Many thanks to the CiderPress II team for making it easy to load replacement code onto the floppy.

Conclusions

Applesoft BASIC is majestically slow, but thanks to 40-bit floating point and standard commands for drawing and text manipulation, Oregon Trail works much better than I could have expected after running the simulation for 14272 years.
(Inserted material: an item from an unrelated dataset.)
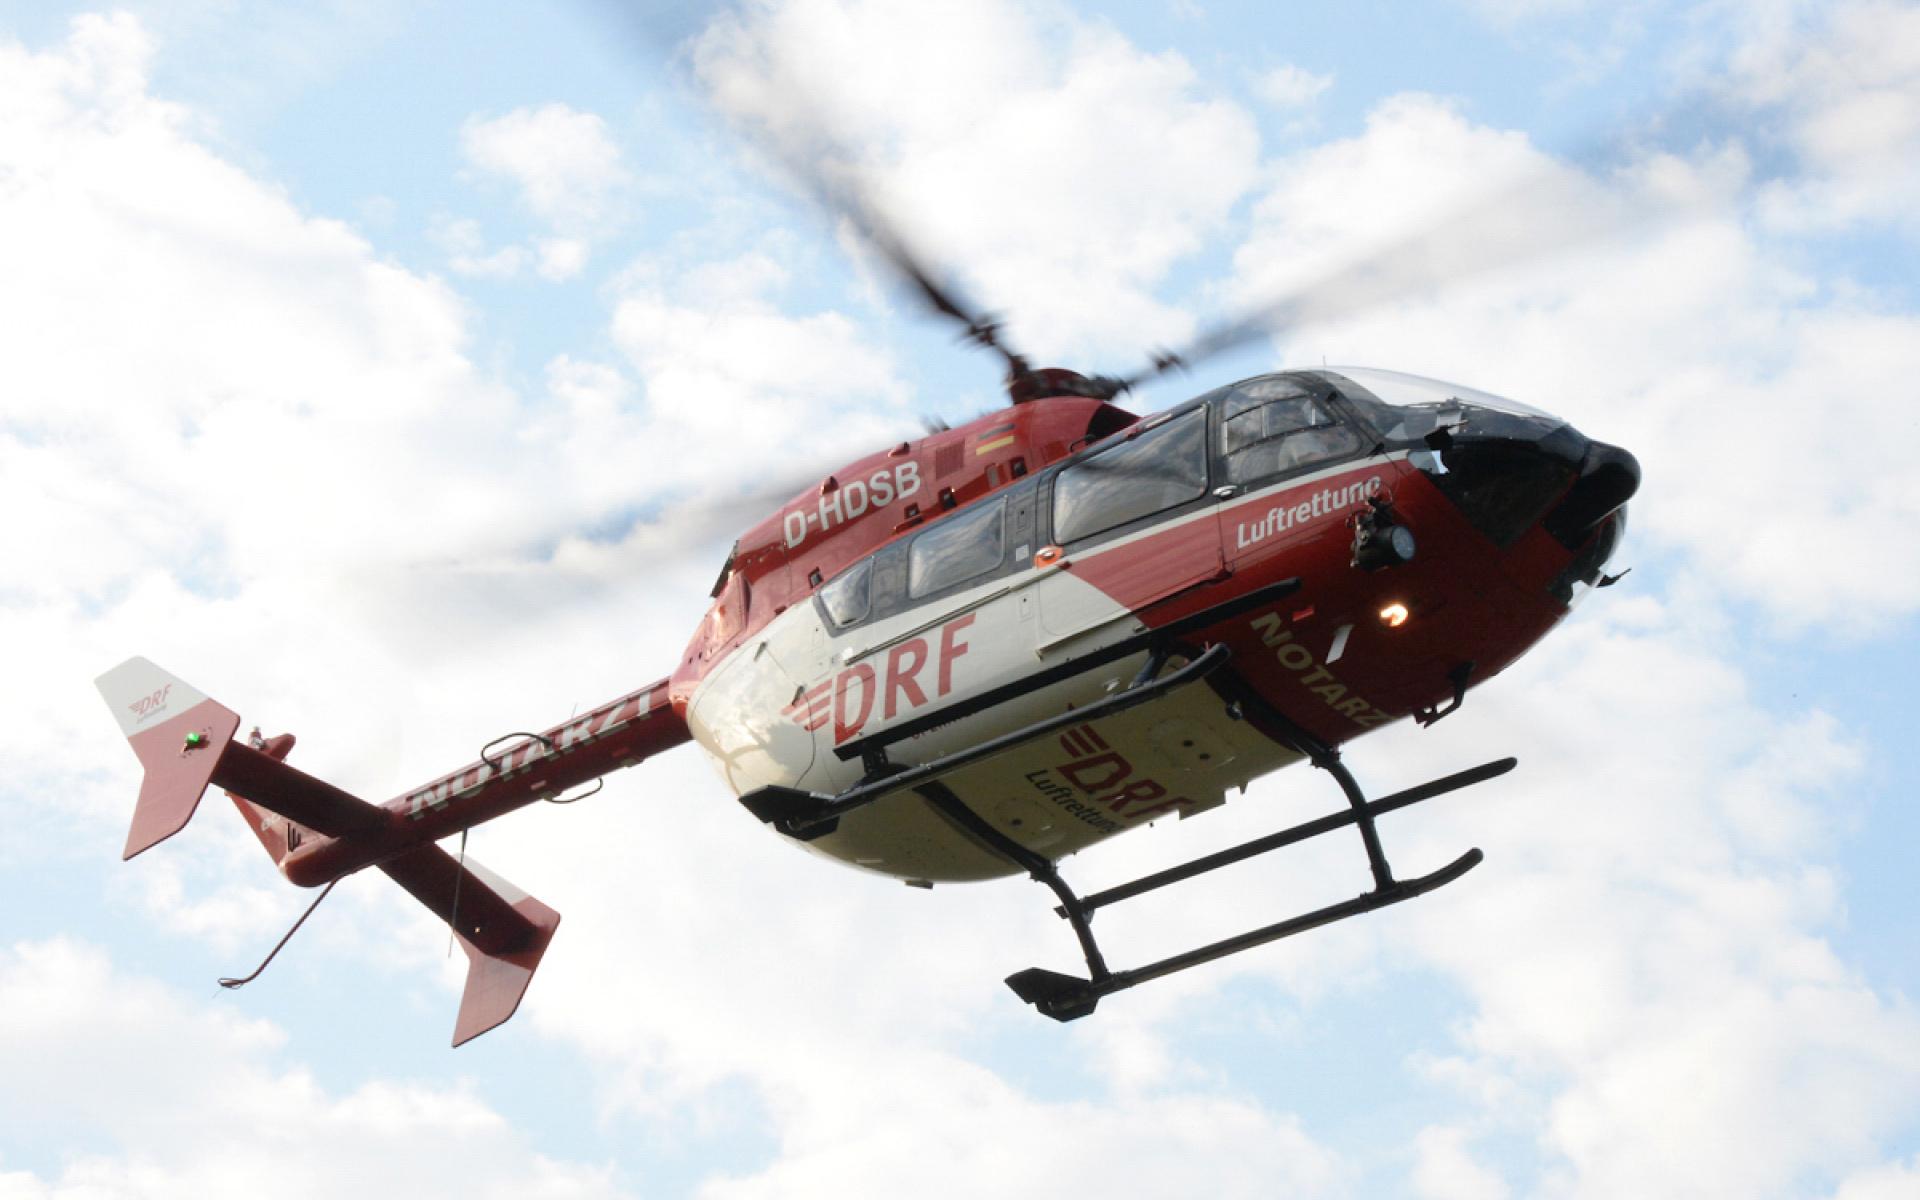 Ein Mann musste schnellstmöglich in eine Spezialklinik geflogen werden, weil er an einer lebensgefährlichen Hirnblutung litt. Christoph 51 der DRF Luftrettung wurde für den Transport alarmiert. Symbolbild.

The final screen being broken is a bit of a letdown, but understandable given how unlikely it is that you’d take 14272 years to finish the game.

Honestly, one of my aims has been to create a reverse engineering approach that will work for any system, regardless of knowledge or experience, and give you the basic steps for how to understand and modify it. This was a bit of a test run of this, and I think it could be considered a success. Eventually I’ll write it down properly, but hopefully this effort will give you some ideas for your next reversing project.

And albrot? Well, he was able to fulfill his dream and become the first person to survive for 15000 years on the Oregon Trail. A well deserved victory.

If you’re interested in the tools I wrote for this work, the Applesoft BASIC decompiler and variable scraper I wrote are available here. Happy trails!